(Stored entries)
════════════════════

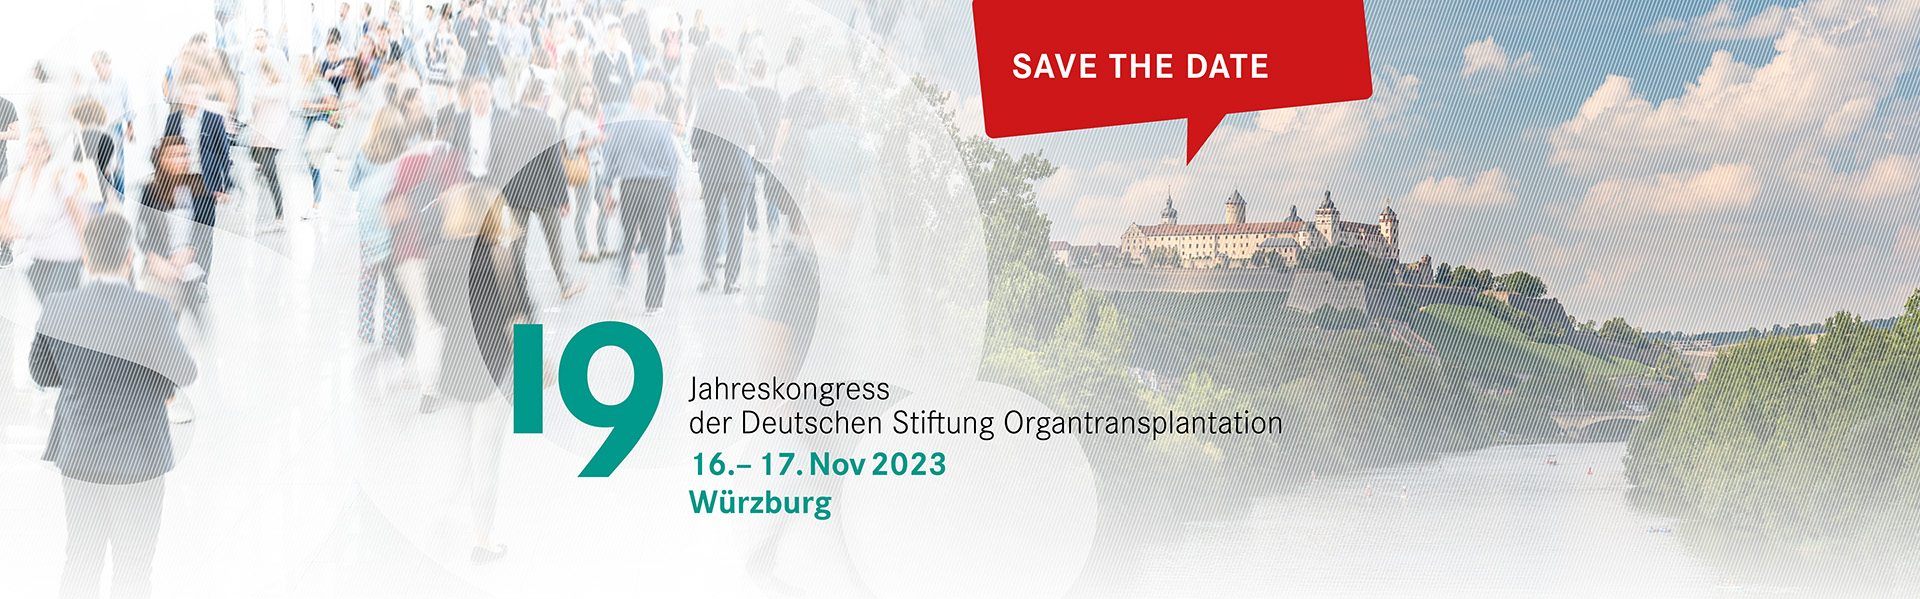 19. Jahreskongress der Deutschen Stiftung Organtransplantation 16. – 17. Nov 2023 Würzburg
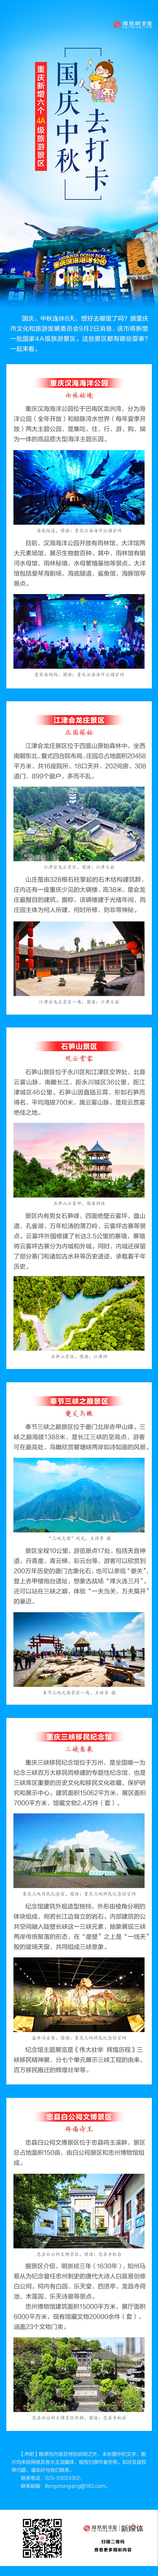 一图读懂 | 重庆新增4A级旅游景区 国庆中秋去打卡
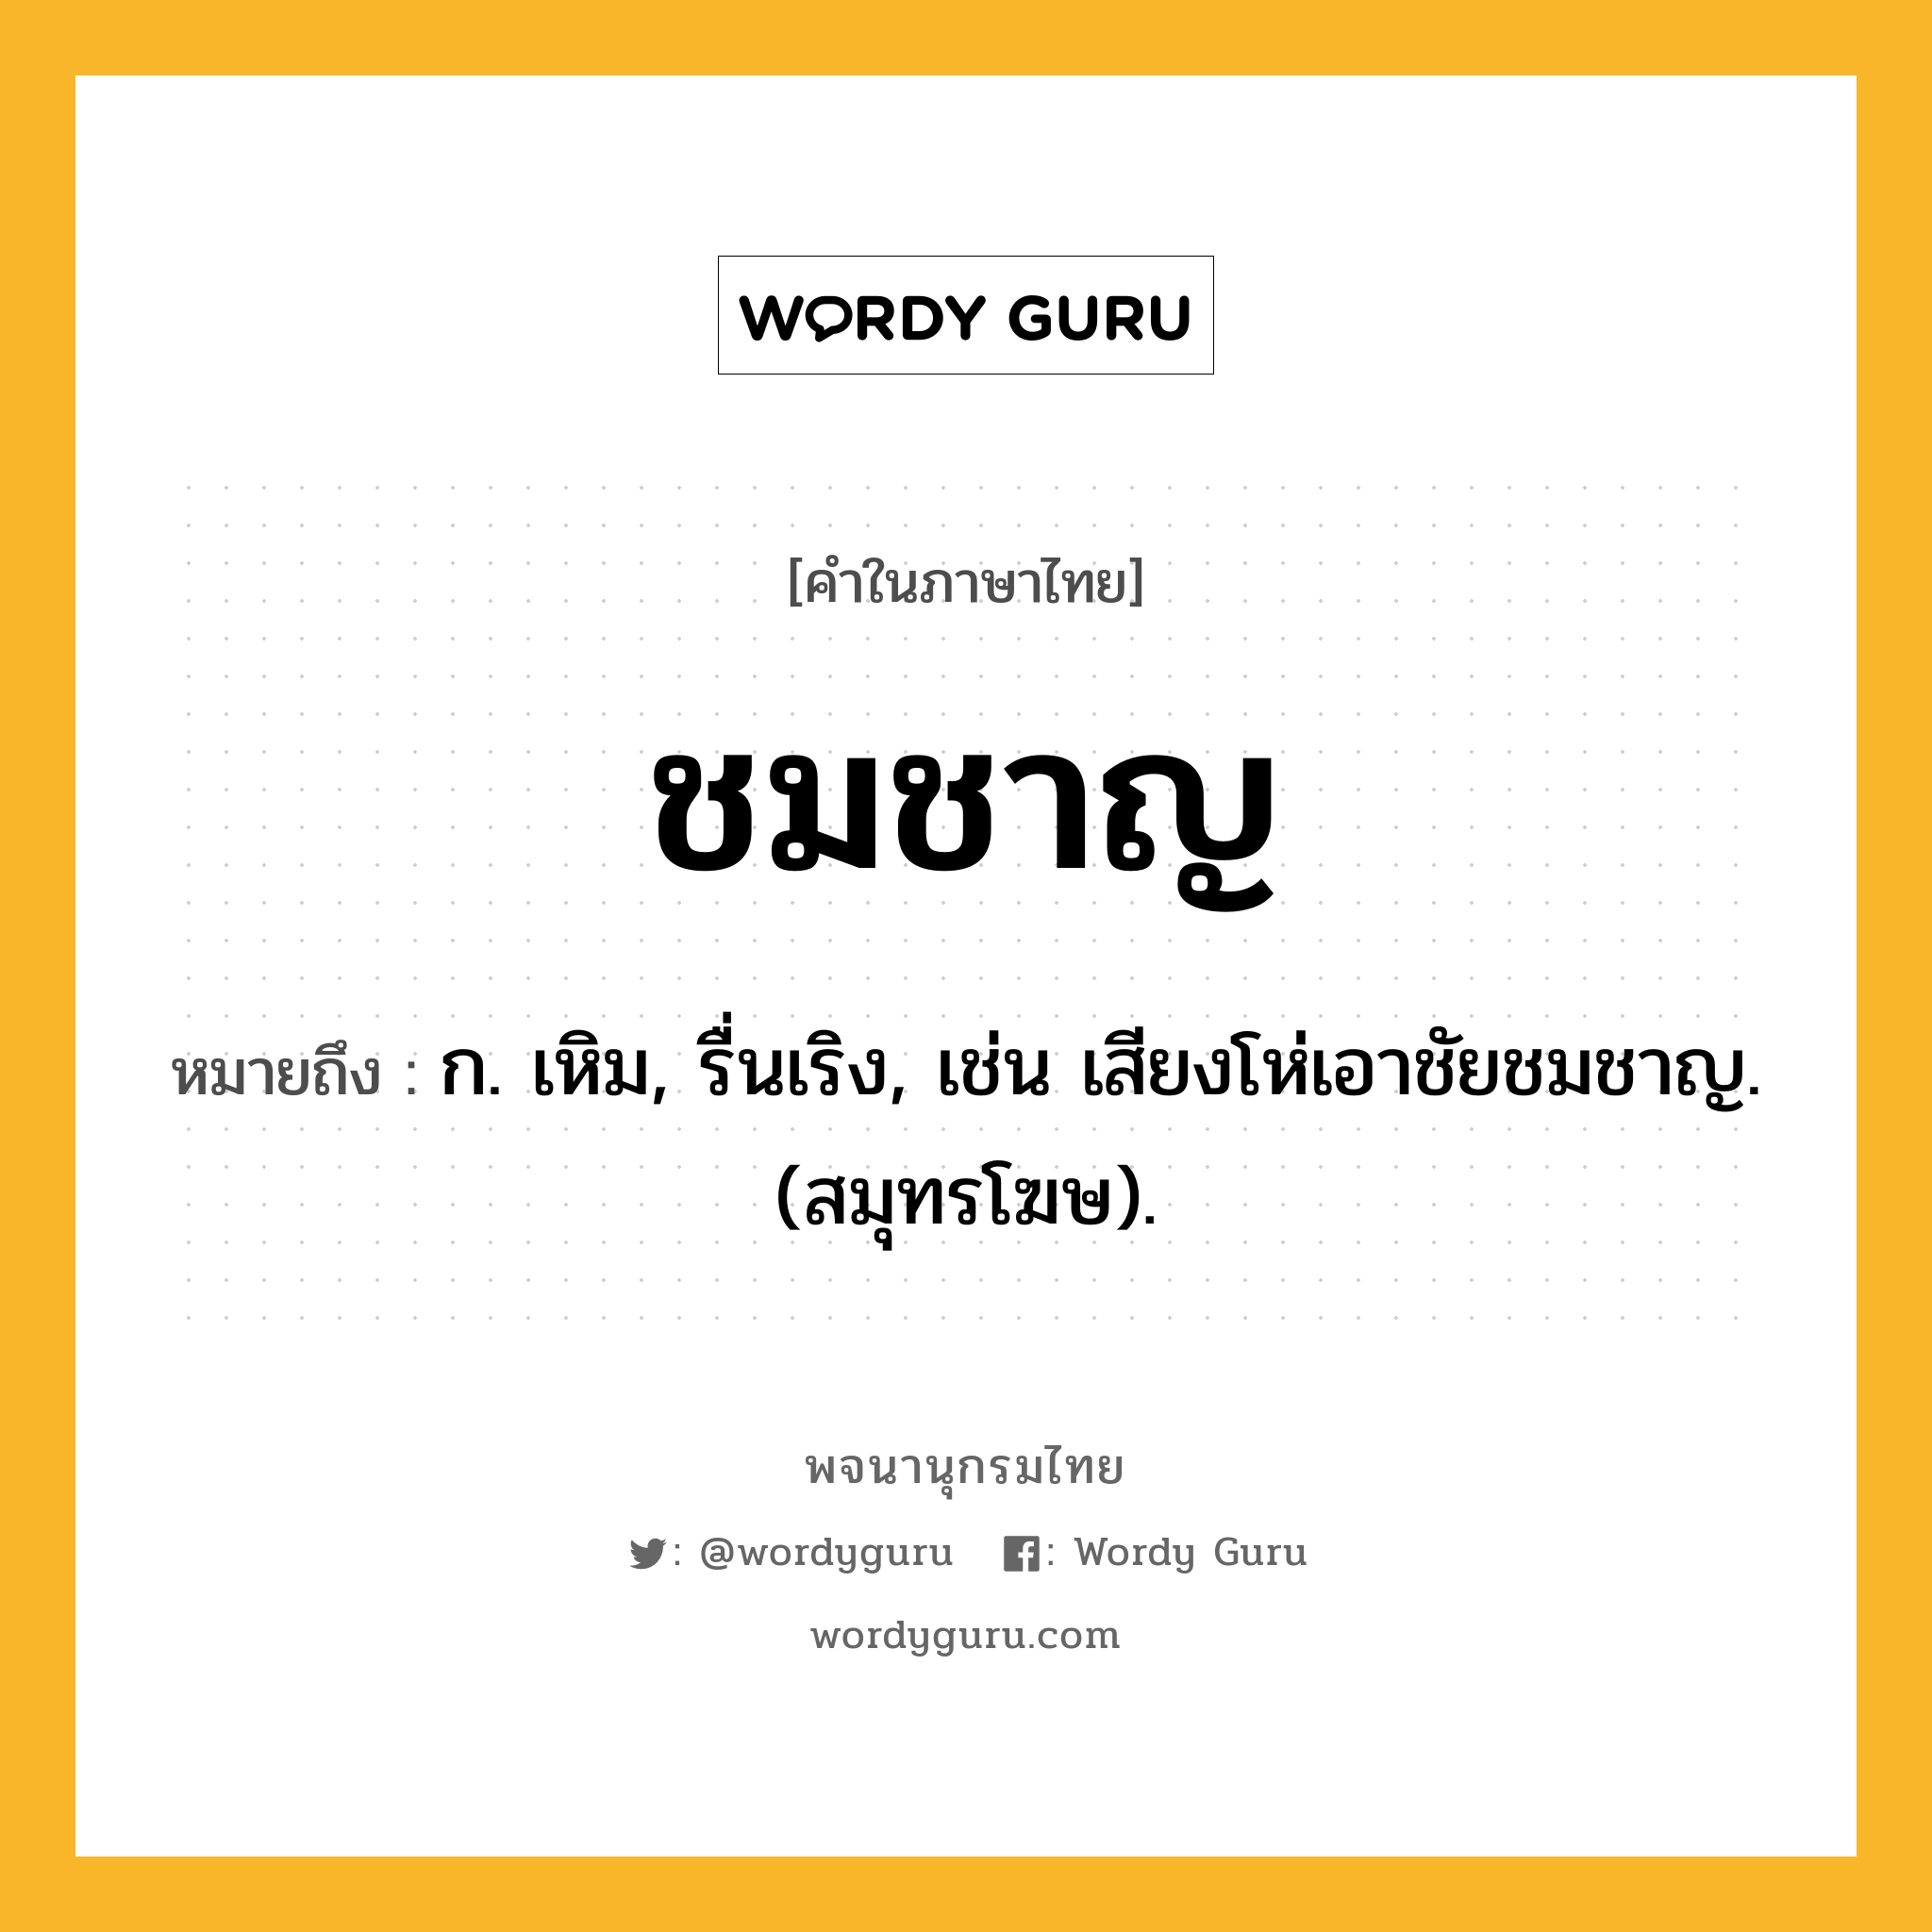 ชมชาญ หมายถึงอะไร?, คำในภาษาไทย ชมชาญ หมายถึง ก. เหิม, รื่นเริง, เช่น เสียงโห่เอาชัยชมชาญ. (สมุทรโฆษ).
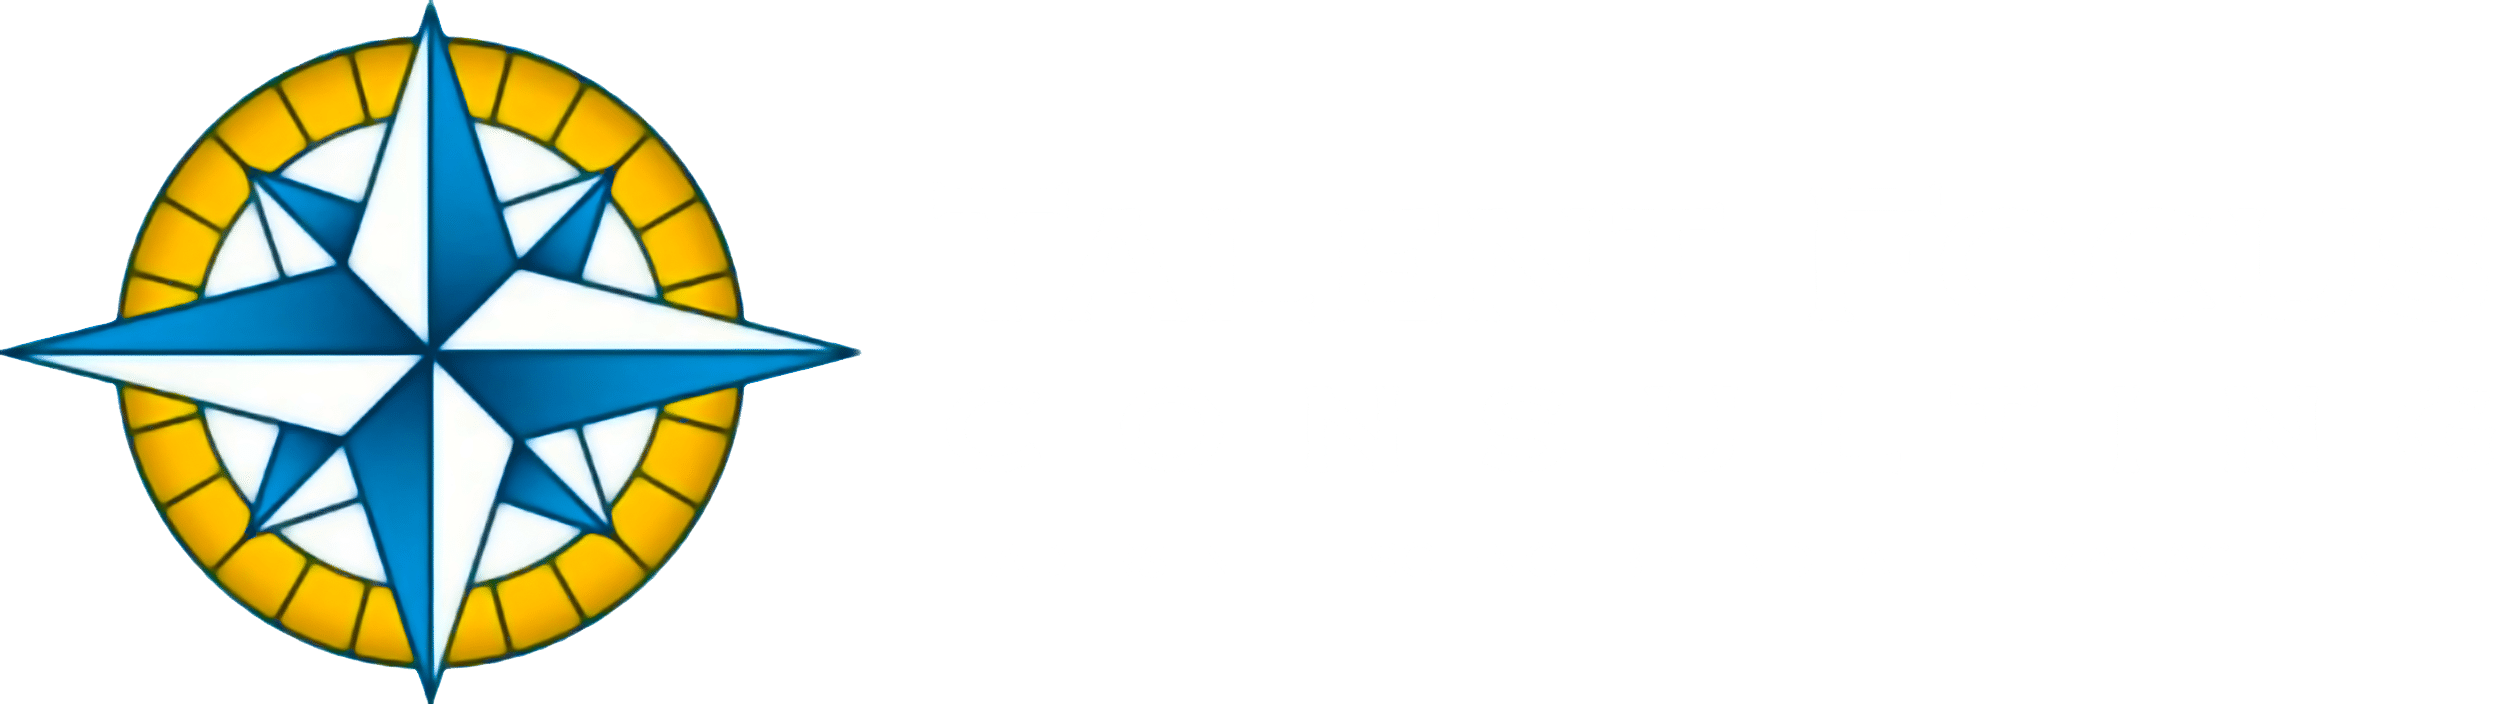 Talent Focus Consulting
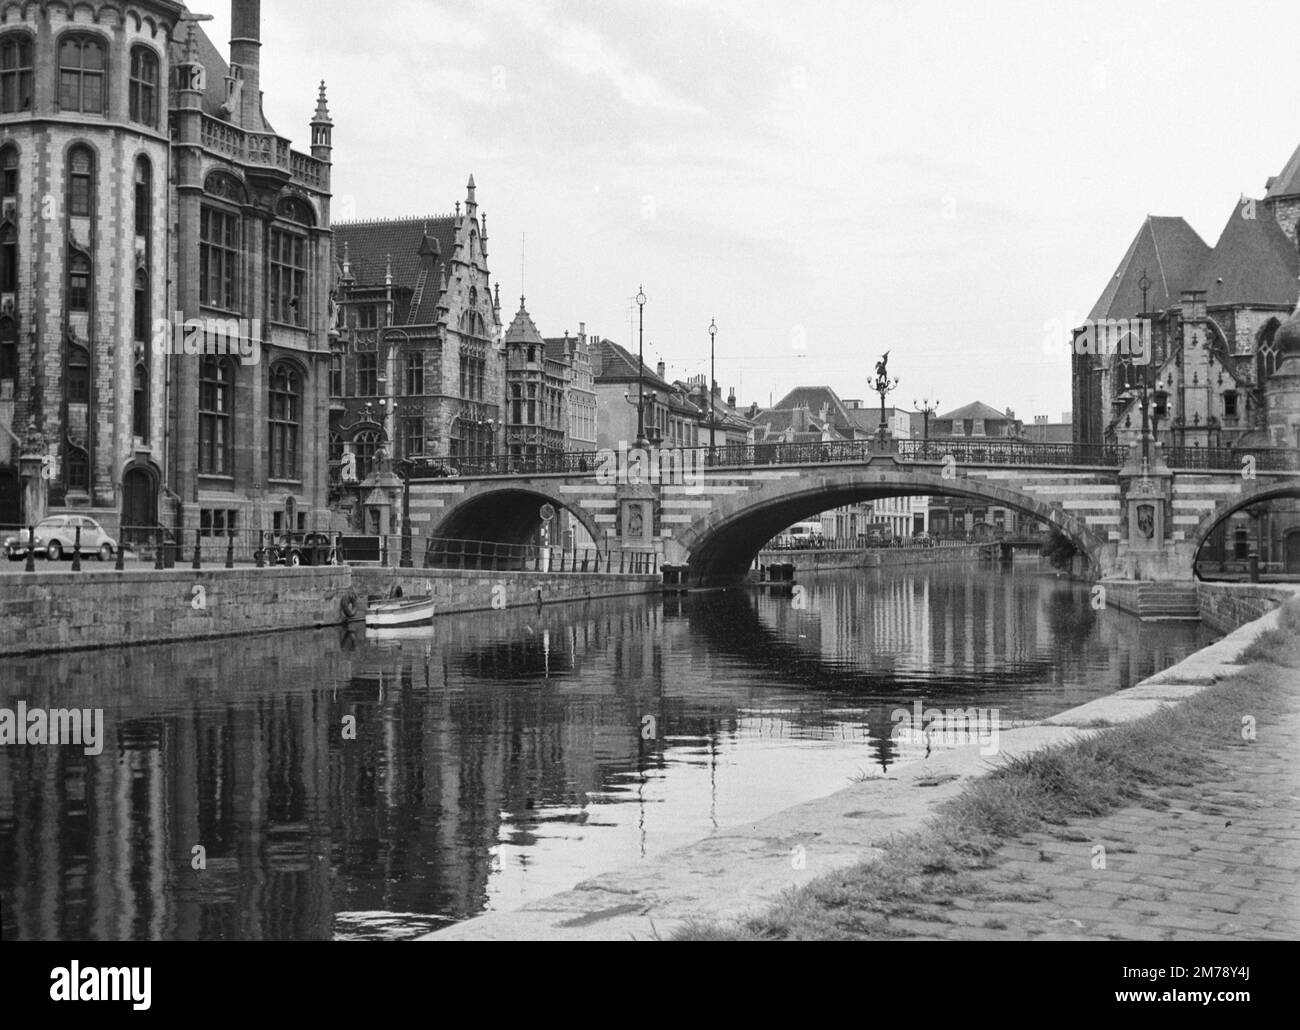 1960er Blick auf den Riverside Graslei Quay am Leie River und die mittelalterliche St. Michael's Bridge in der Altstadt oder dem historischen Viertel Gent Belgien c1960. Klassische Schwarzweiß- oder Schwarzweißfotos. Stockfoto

════════════════════

Directions:
Leave out each picture and extract the lines from the one containing "ชมชาญ หมายถึงอะไร?, คำในภาษาไทย" through the end of the records above, inclusive, exactly as they stand.

Exercise response:
 ชมชาญ หมายถึงอะไร?, คำในภาษาไทย ชมชาญ หมายถึง ก. เหิม, รื่นเริง, เช่น เสียงโห่เอาชัยชมชาญ. (สมุทรโฆษ).
 Talent Focus Consulting
 1960er Blick auf den Riverside Graslei Quay am Leie River und die mittelalterliche St. Michael's Bridge in der Altstadt oder dem historischen Viertel Gent Belgien c1960. Klassische Schwarzweiß- oder Schwarzweißfotos. Stockfoto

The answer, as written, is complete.